Data segment section start

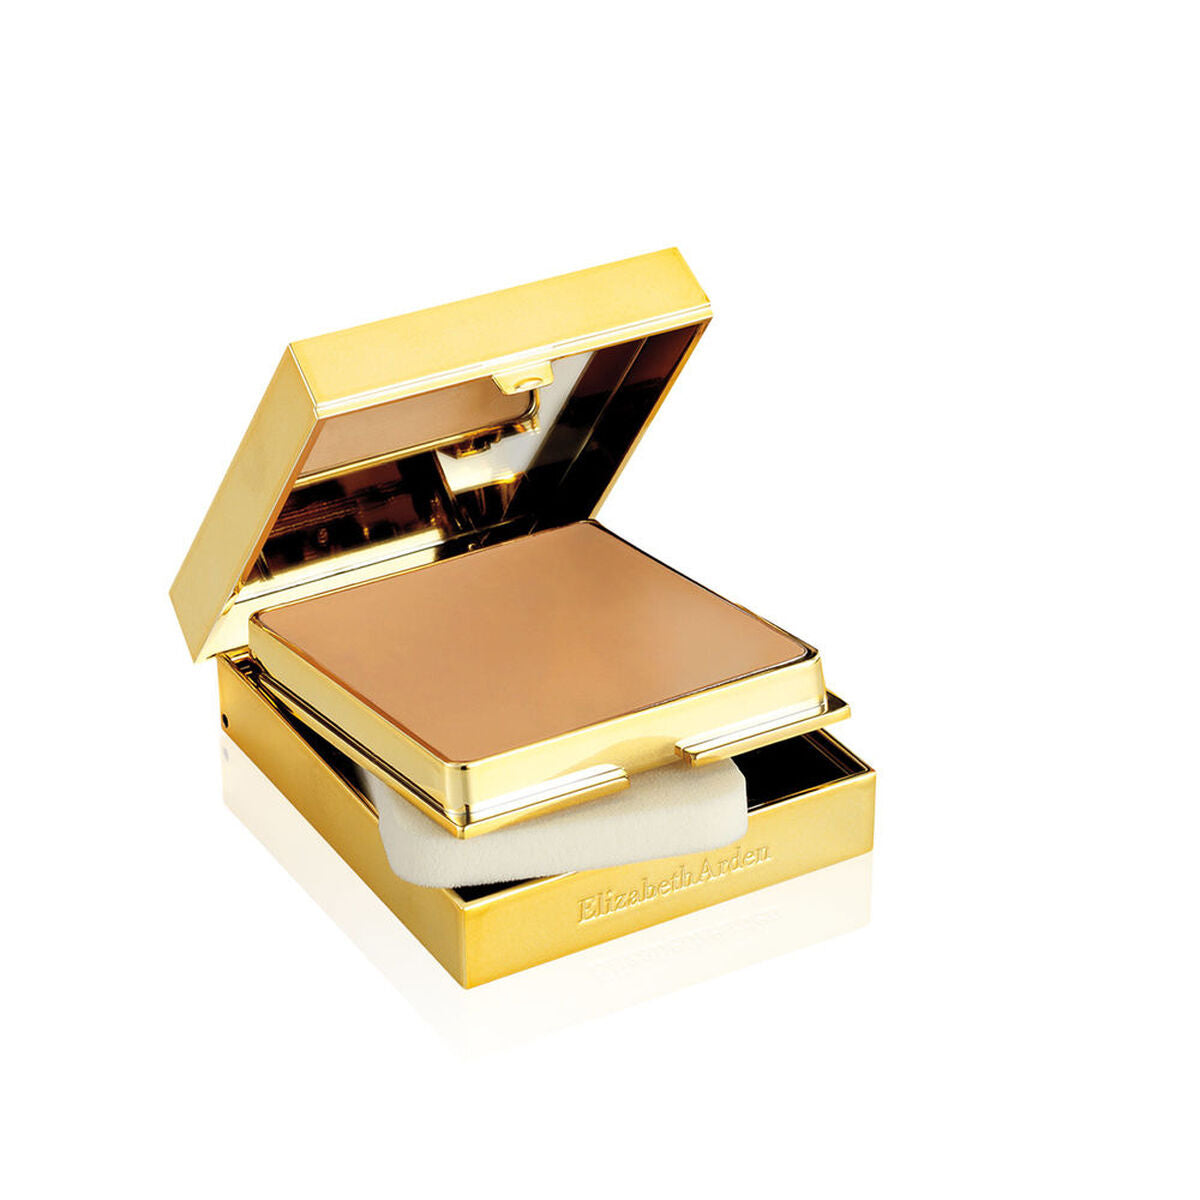 Cremige Make-up Grundierung Elizabeth Arden Flawless Finish Sponge Nº 06-toasty beige 23 g - CA International 
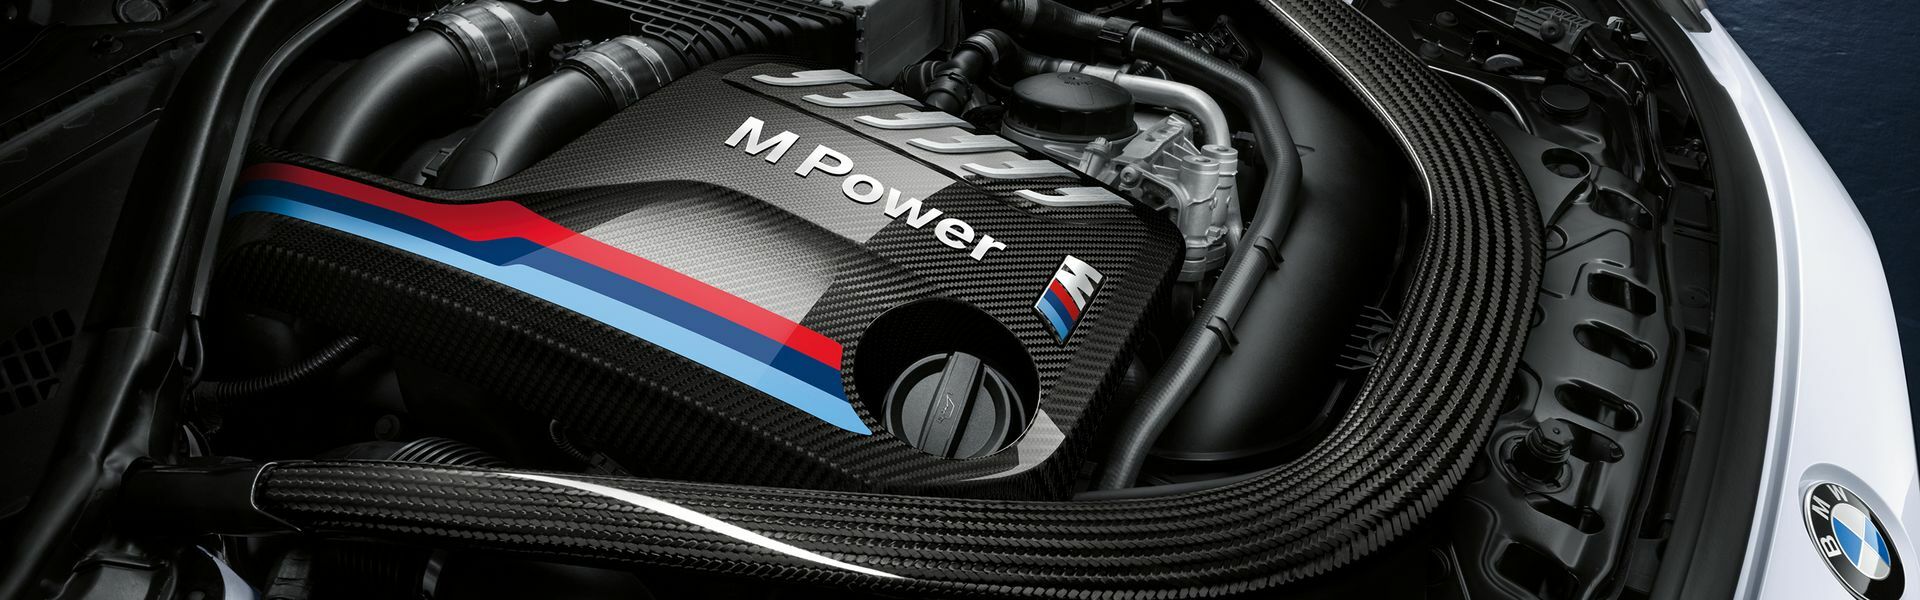 Zvýšení výkonu/ Softwarové úpravy/ Drobné performance díly pro automobil BMW Z M40i G29
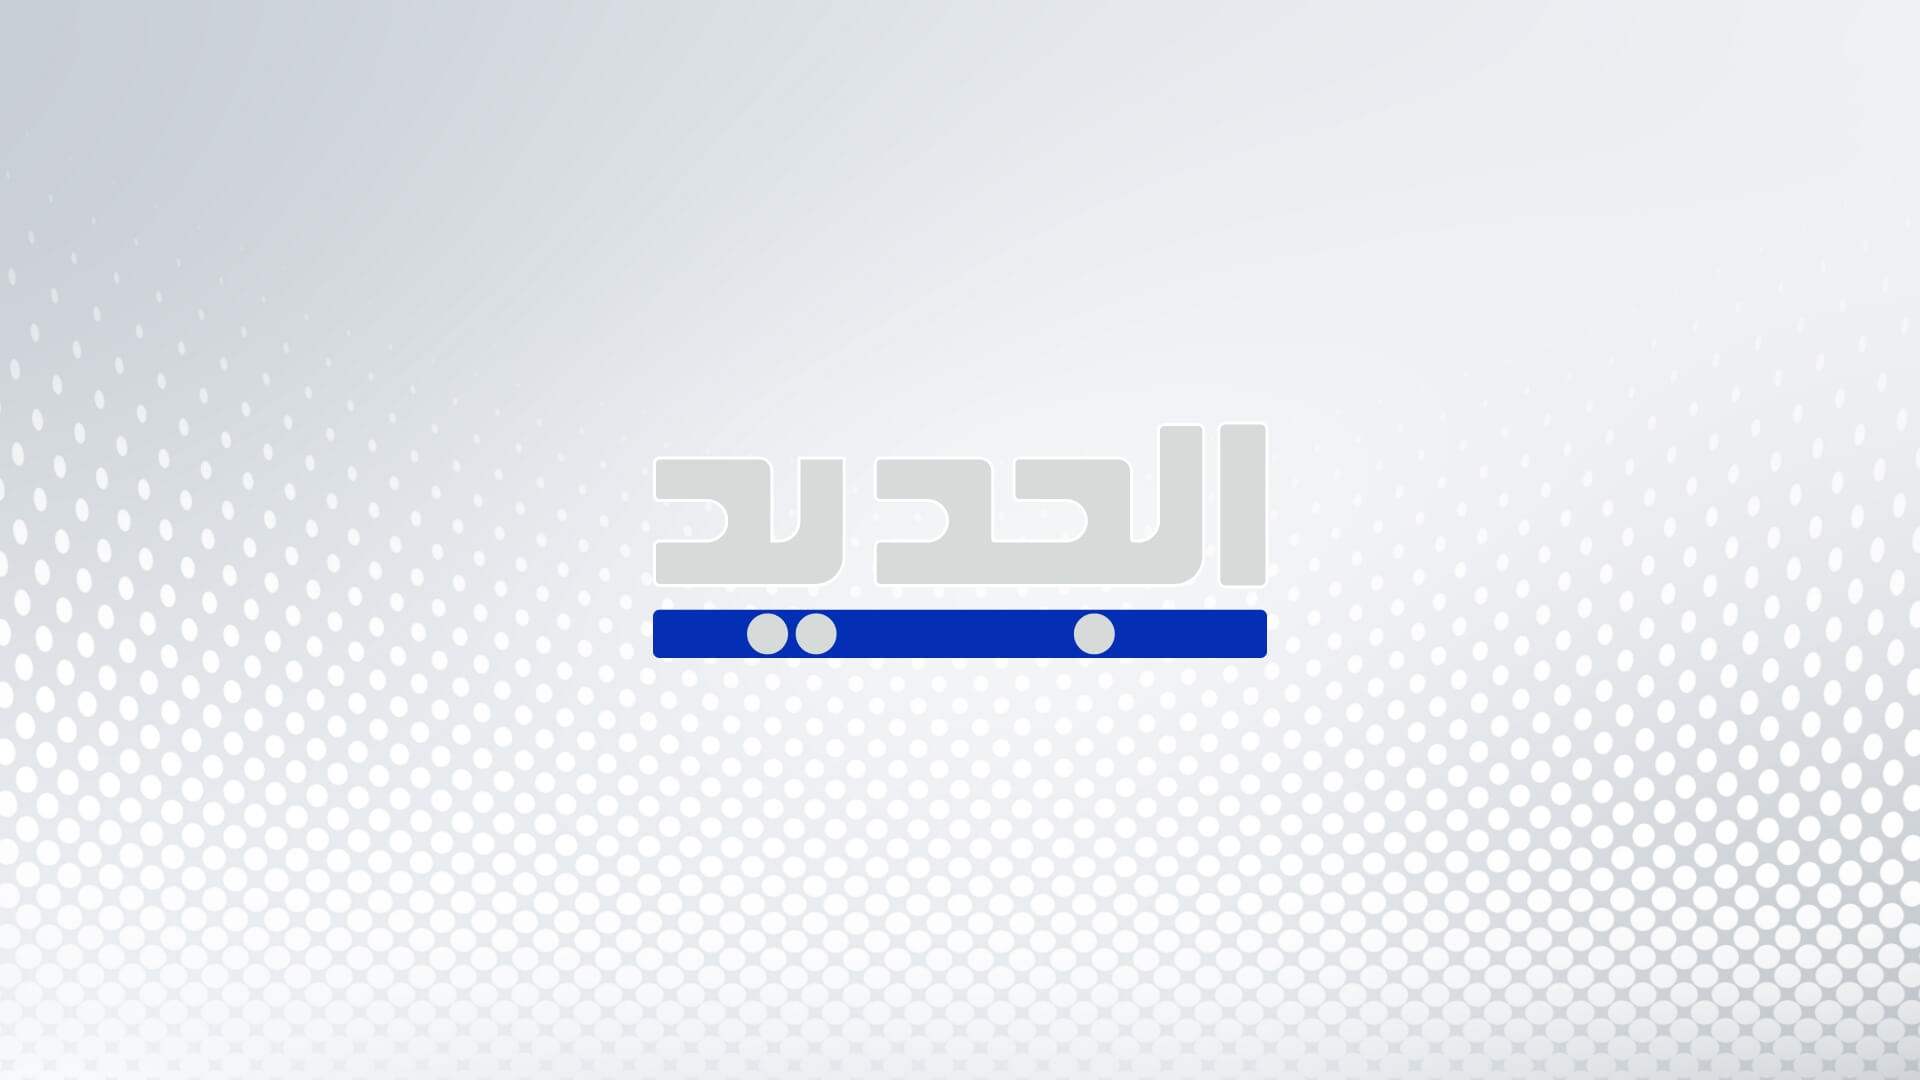 وسائل اعلام الاحتلال : إطلاق صاروخ مضاد للدروع من لبنان تجاه منطقة شتولا بالجليل الغربي

Data segment section end

**Problem details:** In the copy, include no pictures; everything else in the material should be written out exactly.

**Solution to this task:**
 Cremige Make-up Grundierung Elizabeth Arden Flawless Finish Sponge Nº 06-toasty beige 23 g - CA International 
 Zvýšení výkonu/ Softwarové úpravy/ Drobné performance díly pro automobil BMW Z M40i G29
 وسائل اعلام الاحتلال : إطلاق صاروخ مضاد للدروع من لبنان تجاه منطقة شتولا بالجليل الغربي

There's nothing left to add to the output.